Macaco na mão, carro no céu; e um pneu estraçalhado no Chão.
Pego o outro seu irmão, um Continental 205/50 Premium Contact 2 e sinto que estou no caminho. Agora é só colocar o pneu, baixar o carro, apertar os parafusos de volta, e pronto: a luz agora é a do fim do túnel! Mal sabia que era só o começo.

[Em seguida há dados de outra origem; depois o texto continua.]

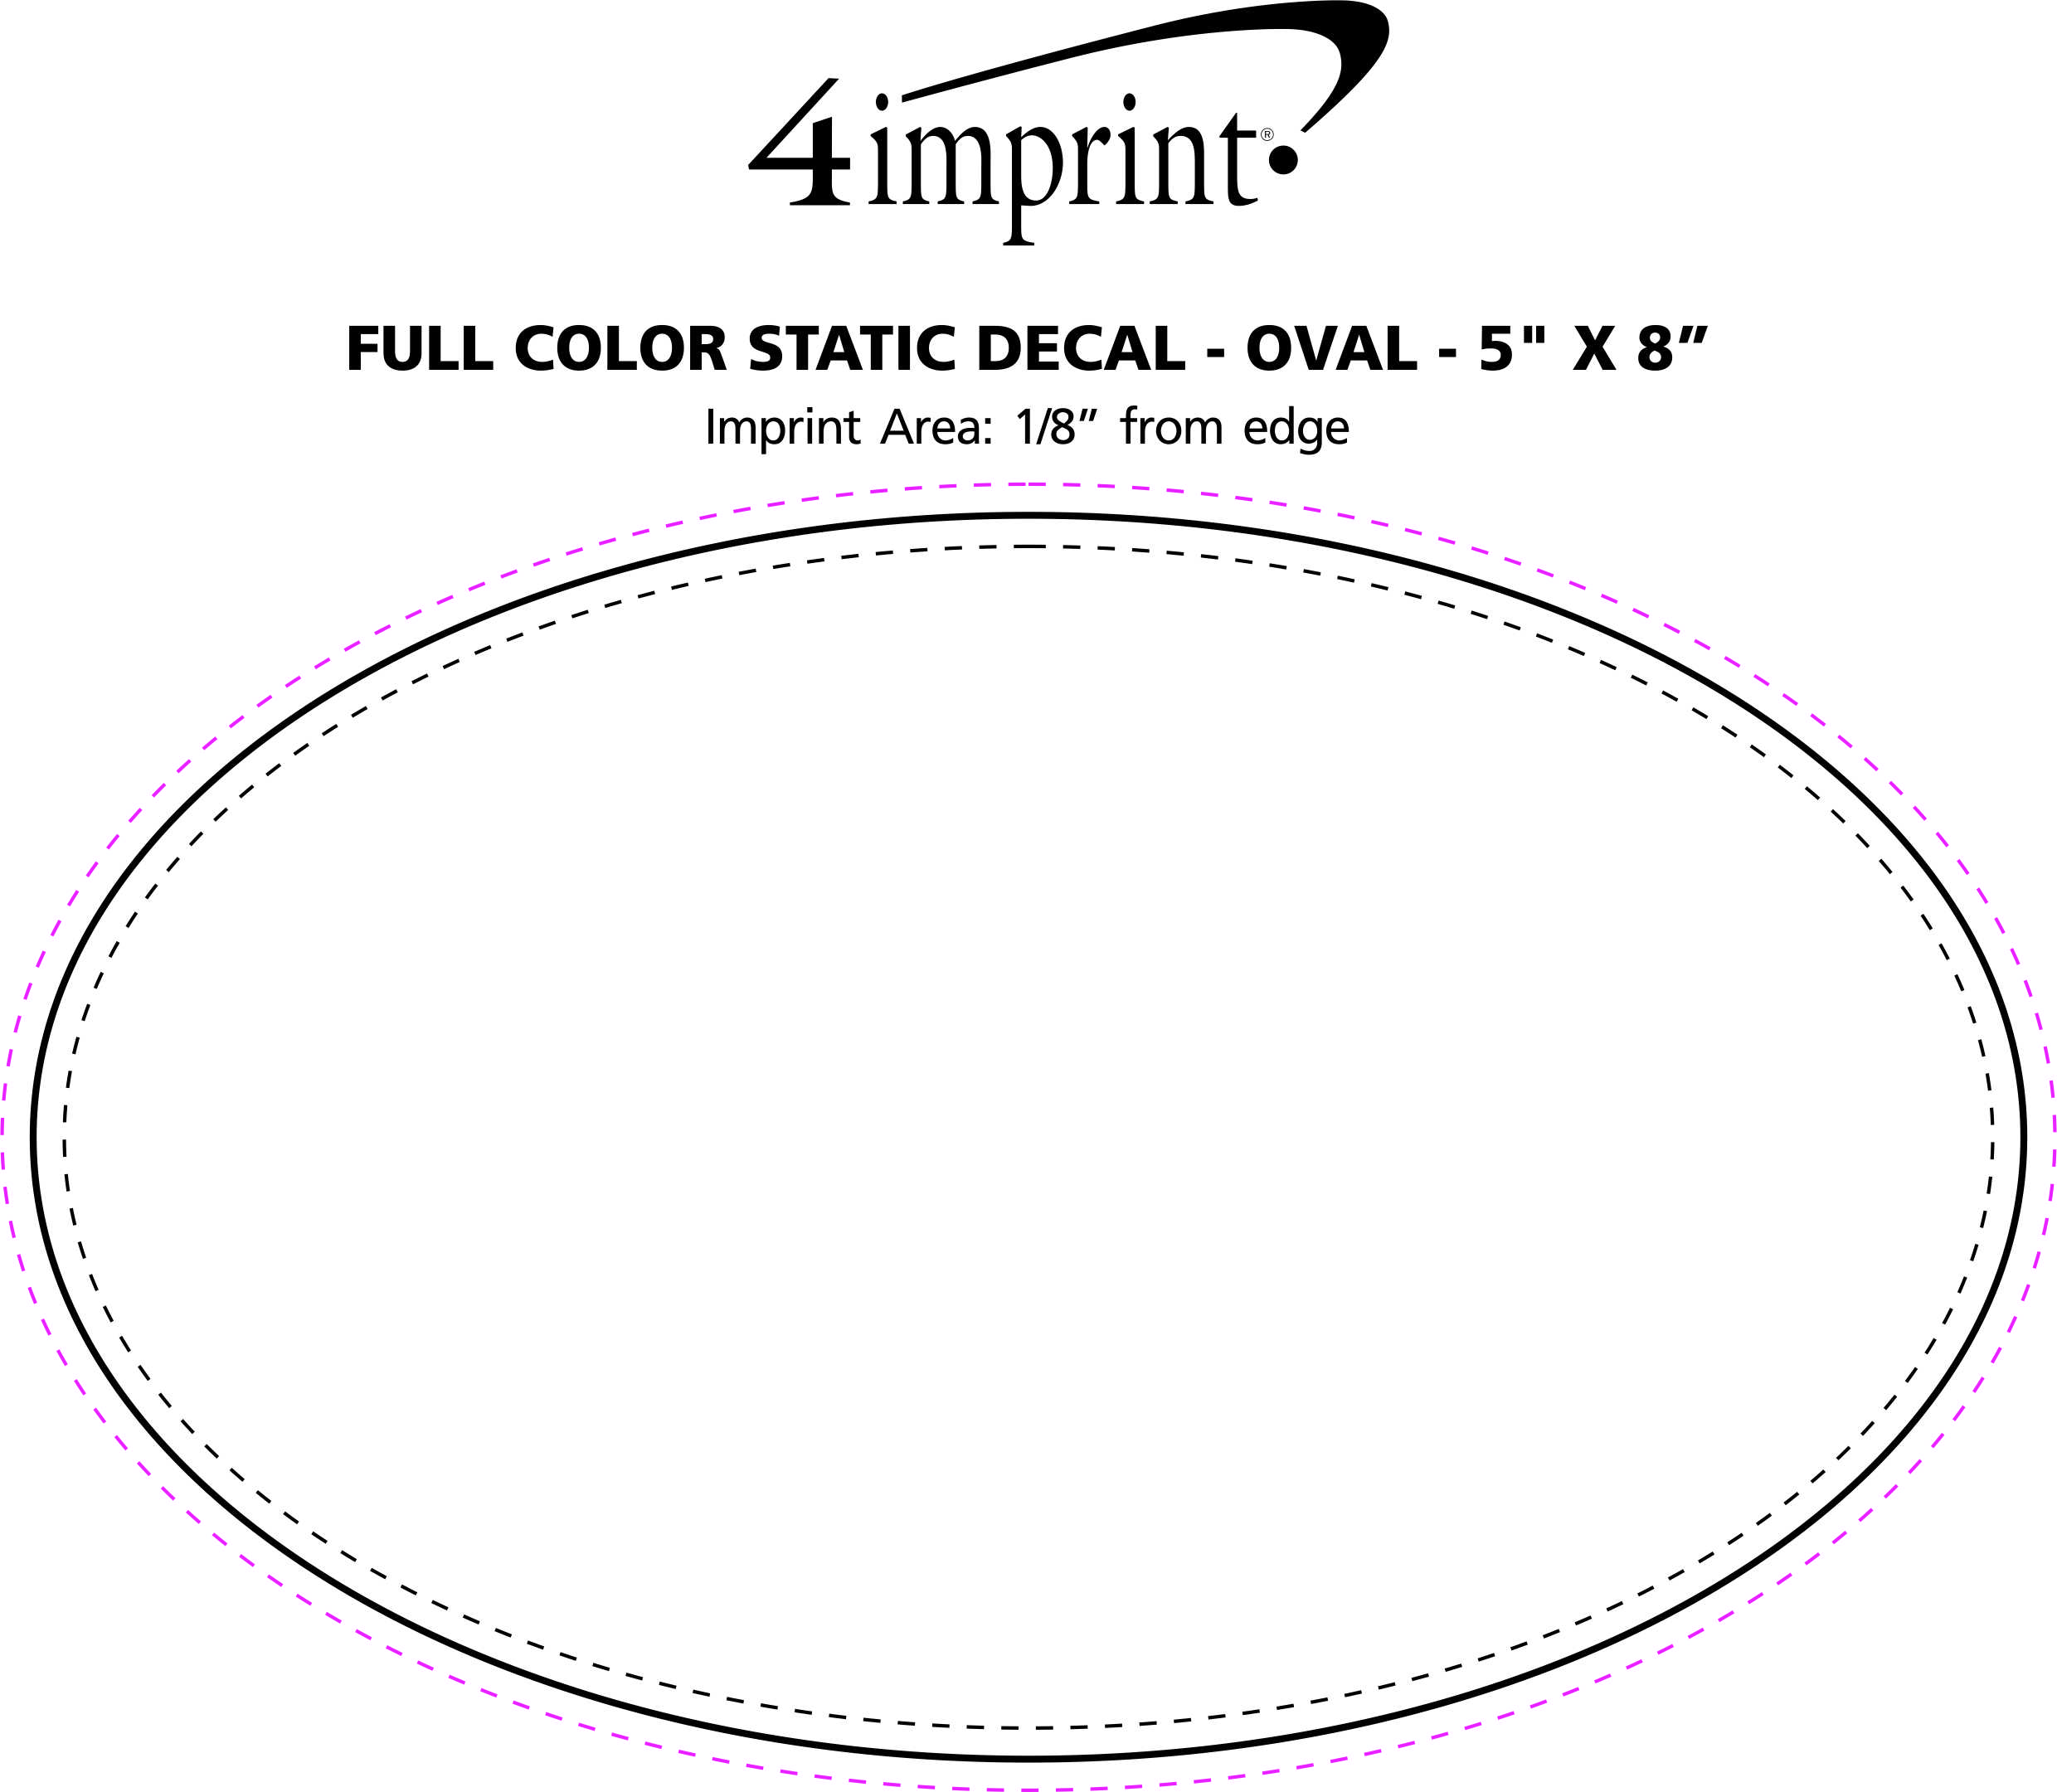 Imprint Area of Full Color Static Decal - Oval - 5" x 8"
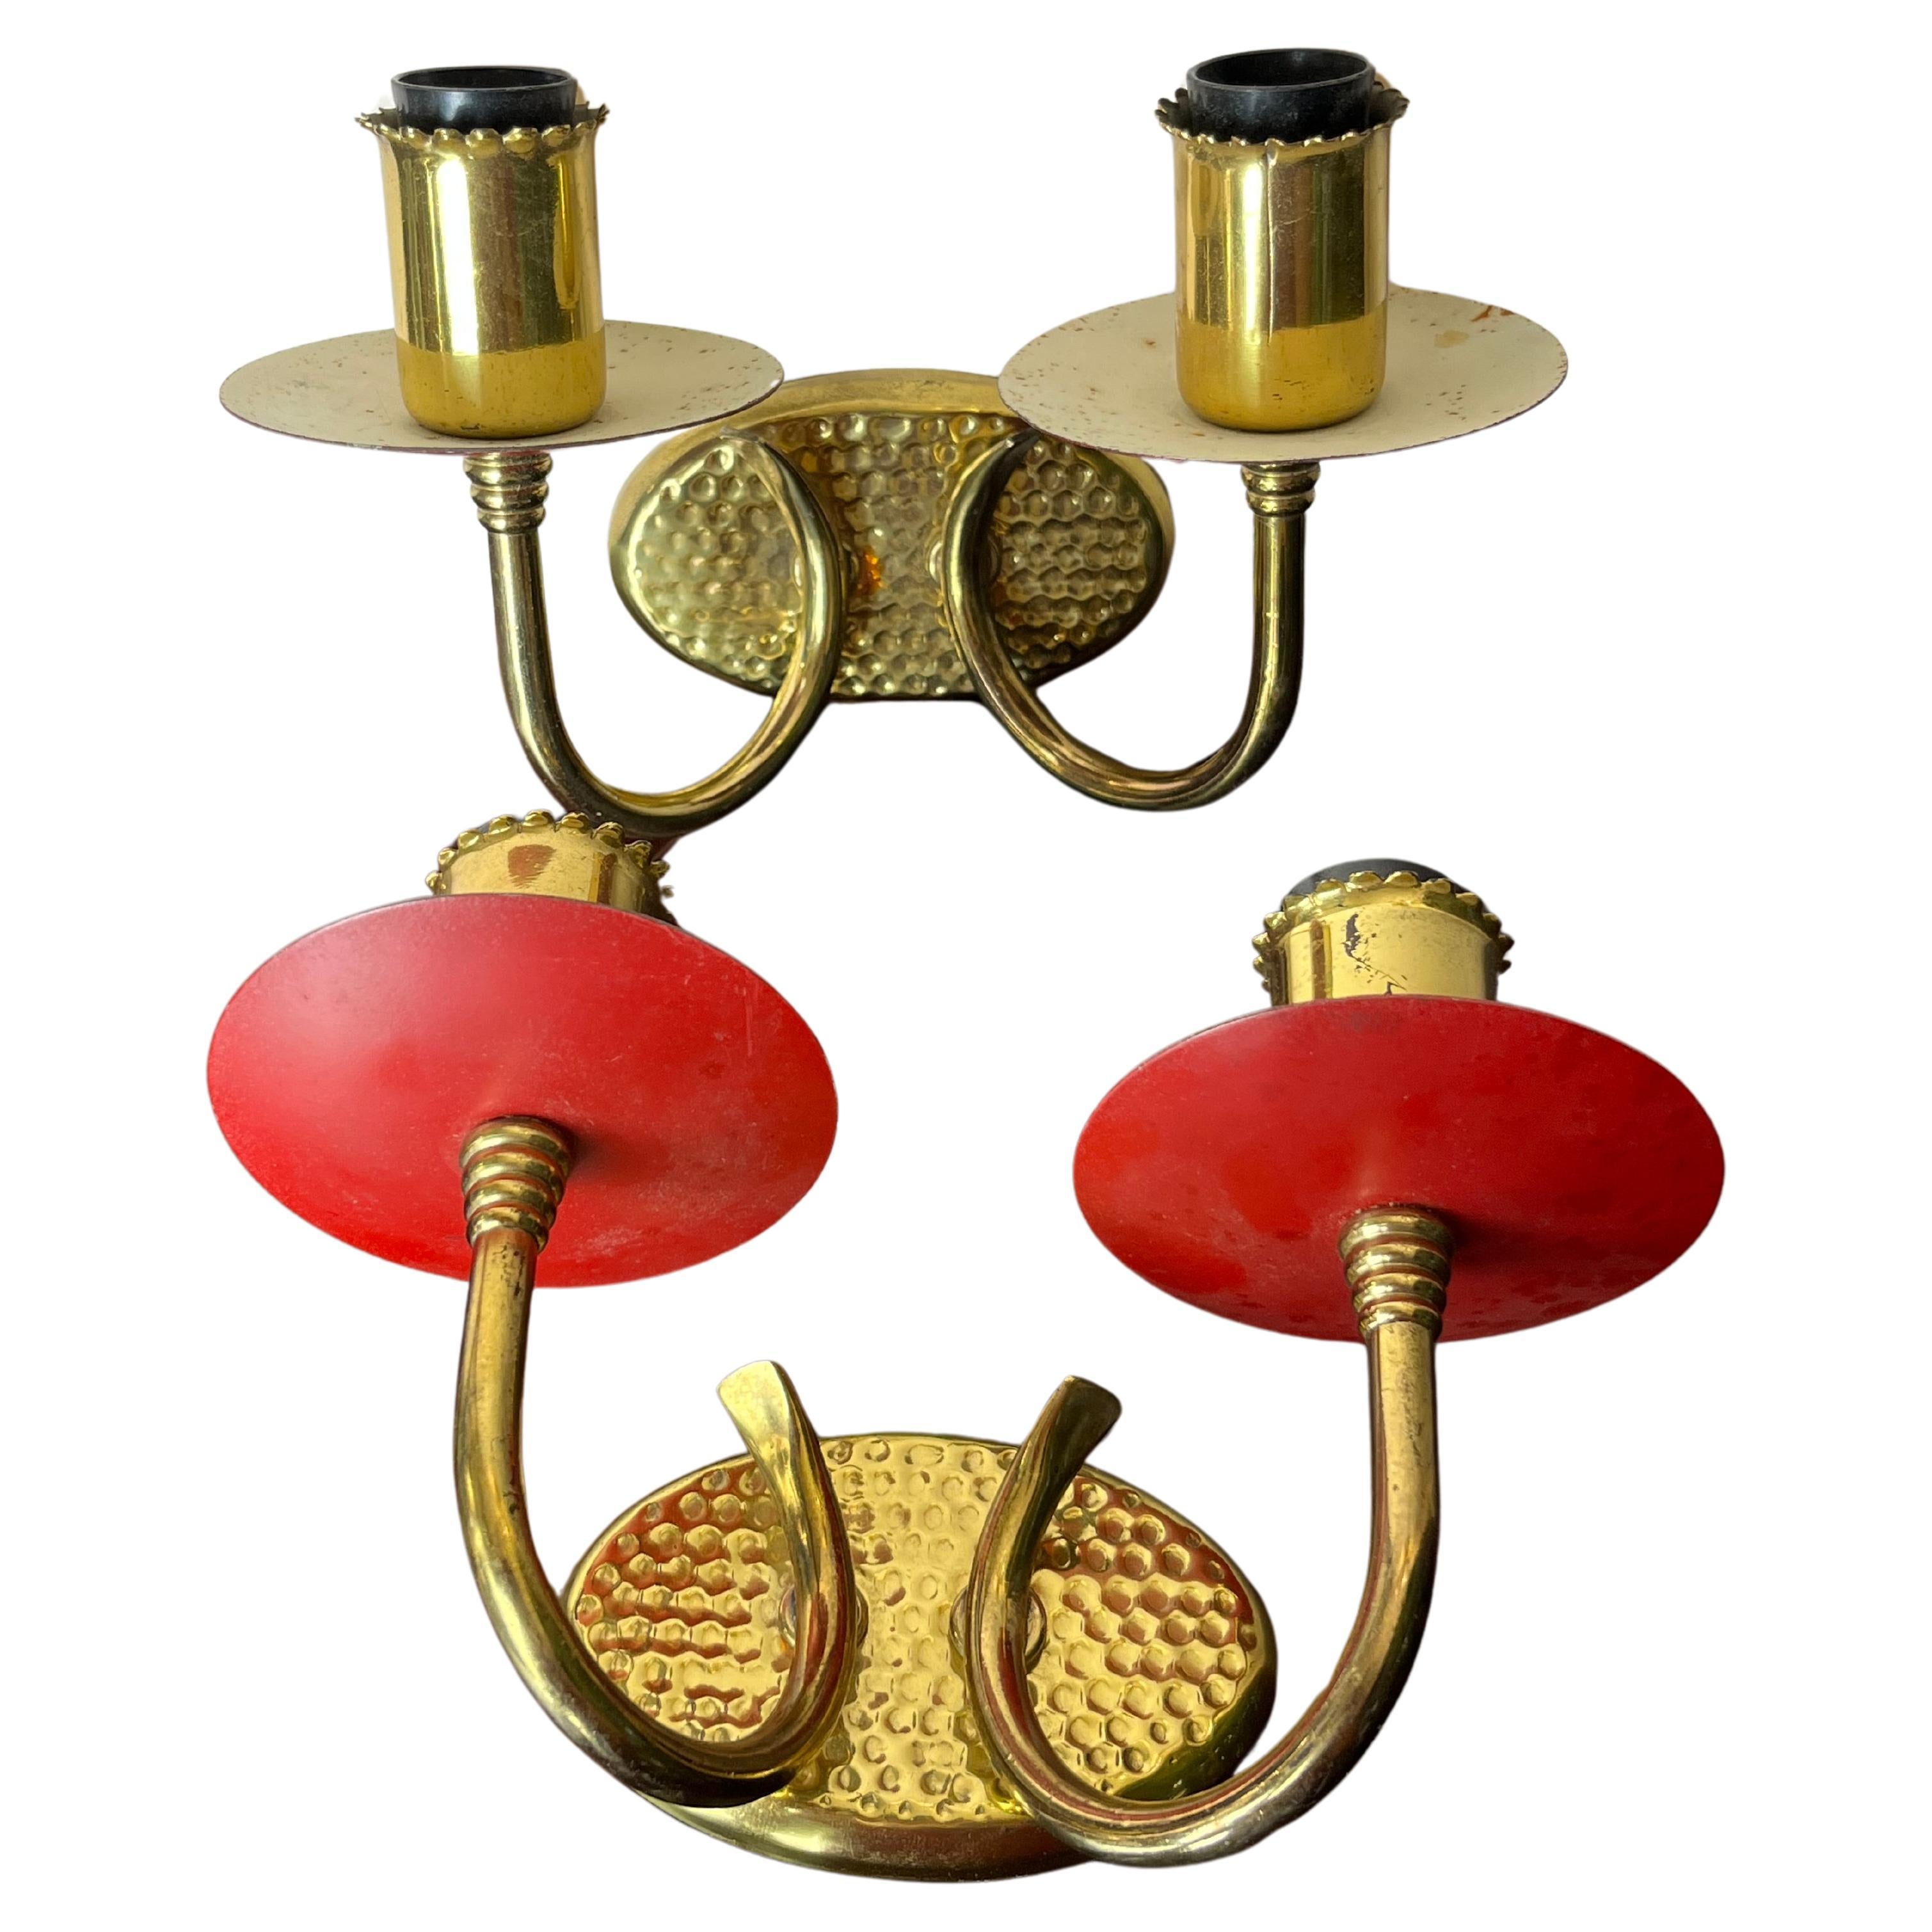 Set of 2 Wall Lamps in Brass and Colored Aluminium, Made in Italy, 1950s

Como encaixar o pneu de volta no carro? Com fazer aqueles cinco minúsculos furos encaixarem na estrutura do eixo? Como levantar aquele pesadíssimo pneu no escuro e fazer o encaixe? Como fazer tudo isso sem luz, sozinho, ainda levemente embriagado e ficando cansado pelos esforços físicos, espirituais, pouco mentais? Nem passara pela cabeça do orgulho ligar para o amigo, a seguradora ou até mesmo a concessionária da estrada. Afinal de contas, pra que não passar perrengue?

Sentei então, mais não chorei. Sabiamente estiquei as pernas para baixo do carro e coloquei o pneu no meu colo. A essa altura, a calça, clara, não tinha mais importância, e ao sentar-me, meus olhos ficaram na altura do eixo do carro, e isso melhorou minha noção de altura. Com o pneu no colo também não precisei fazer muita foça para levantá-lo e colocá-lo no lugar. Um perrengue de fato, mas deu certo.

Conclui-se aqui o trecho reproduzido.